8. What We Don’t Talk About When We Talk About Fat
With 4.7 stars on Amazon, What We Don’t Talk About When We Talk About Fat is another great one to add to your list. Not just because of the material in it but because the author, Aubrey Gordon, is a rock star. The creator of the website Your Fat Friend, Gordon has a loud and proud online presence where she promotes not only fat acceptance but fat activism. Her essays, some of which are in the book, give clear, relatable insights into what life as a fat person is like, how the media depicts fatness, and what we can do to stop this phobia of fat people.
She starts the book with a visceral account of what it’s like to be fat on an airplane. Think of how uncomfortable airplanes are to begin with. Now imagine that, but the seat belt doesn’t fit. So you have to ask the flight attendant for a seat belt extender. But what if that doesn’t fit? On a packed flight, you’re touching the person next to you and watching as they text fatphobic things to their loved ones about how this “whale” is sitting on top of them and you’re trapped in this flying hellscape for hours. And that’s just the first chapter!
9. Fat!So?: Because You Don't Have to Apologize for Your Size
Published back in 1998, Fat!So? by Marilyn Wann is one of the first (comedic) takes on the Fat Acceptance movement. This book began as a zine in 1994 and was nominated for the Utne Reader zine award. With a blend of essays, quizzes, facts, statistics, and reporting, Wann teaches us that you can be happy and healthy at any size. The book gets it right, and while its now-dated references may appeal more to Gen Xers, it’s worth a read for anyone who wants insight into where the movement began.
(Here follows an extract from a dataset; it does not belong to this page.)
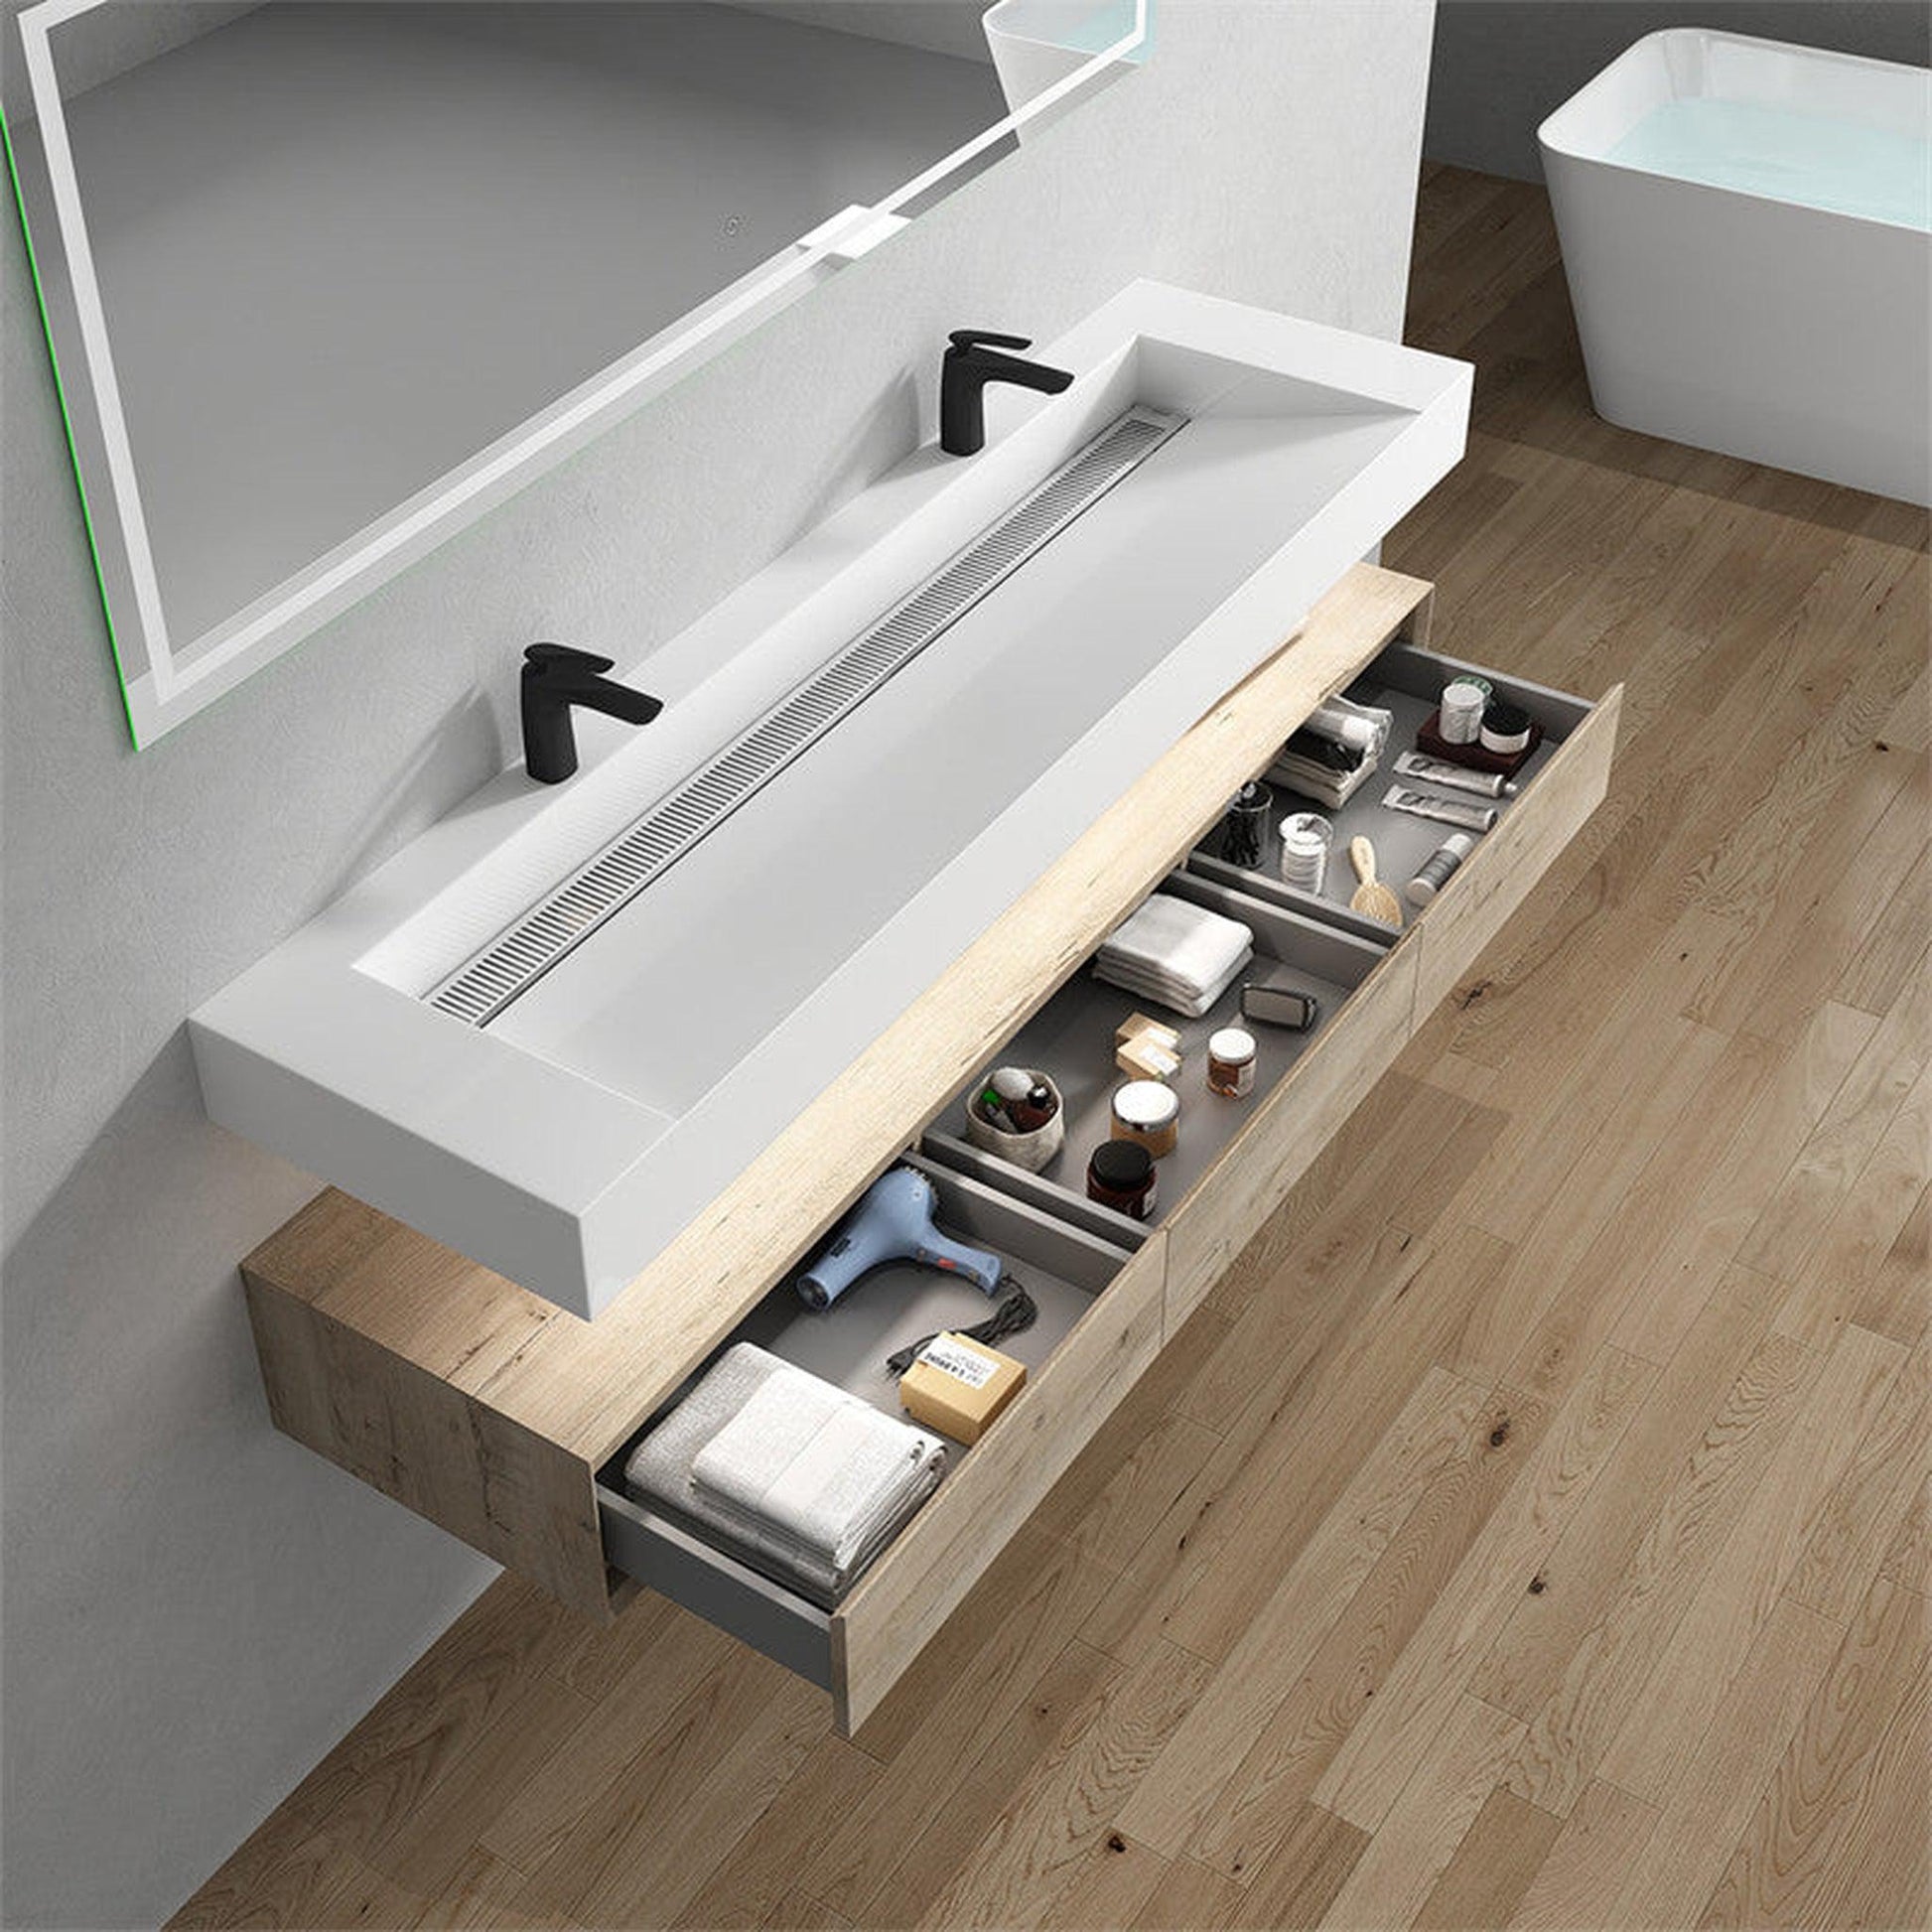 Moreno Bath ALYSA 72" Light Oak Floating Vanity With Double Faucet Holes and Reinforced White Acrylic Sink

10. Hunger: A Memoir of (My) Body
2017’s Hunger: A Memoir of (My) Body by “Bad Feminist” Roxanne Gay was an instant classic. In this book, the renowned social commentator describes what it means to take care of yourself and your body, and how to eat for you and feel satisfied, never guilty. She discusses how to live in a body that society tells you over and over again isn’t good enough. Through Gay’s own experiences and ponderings, you'll learn how to love your own body.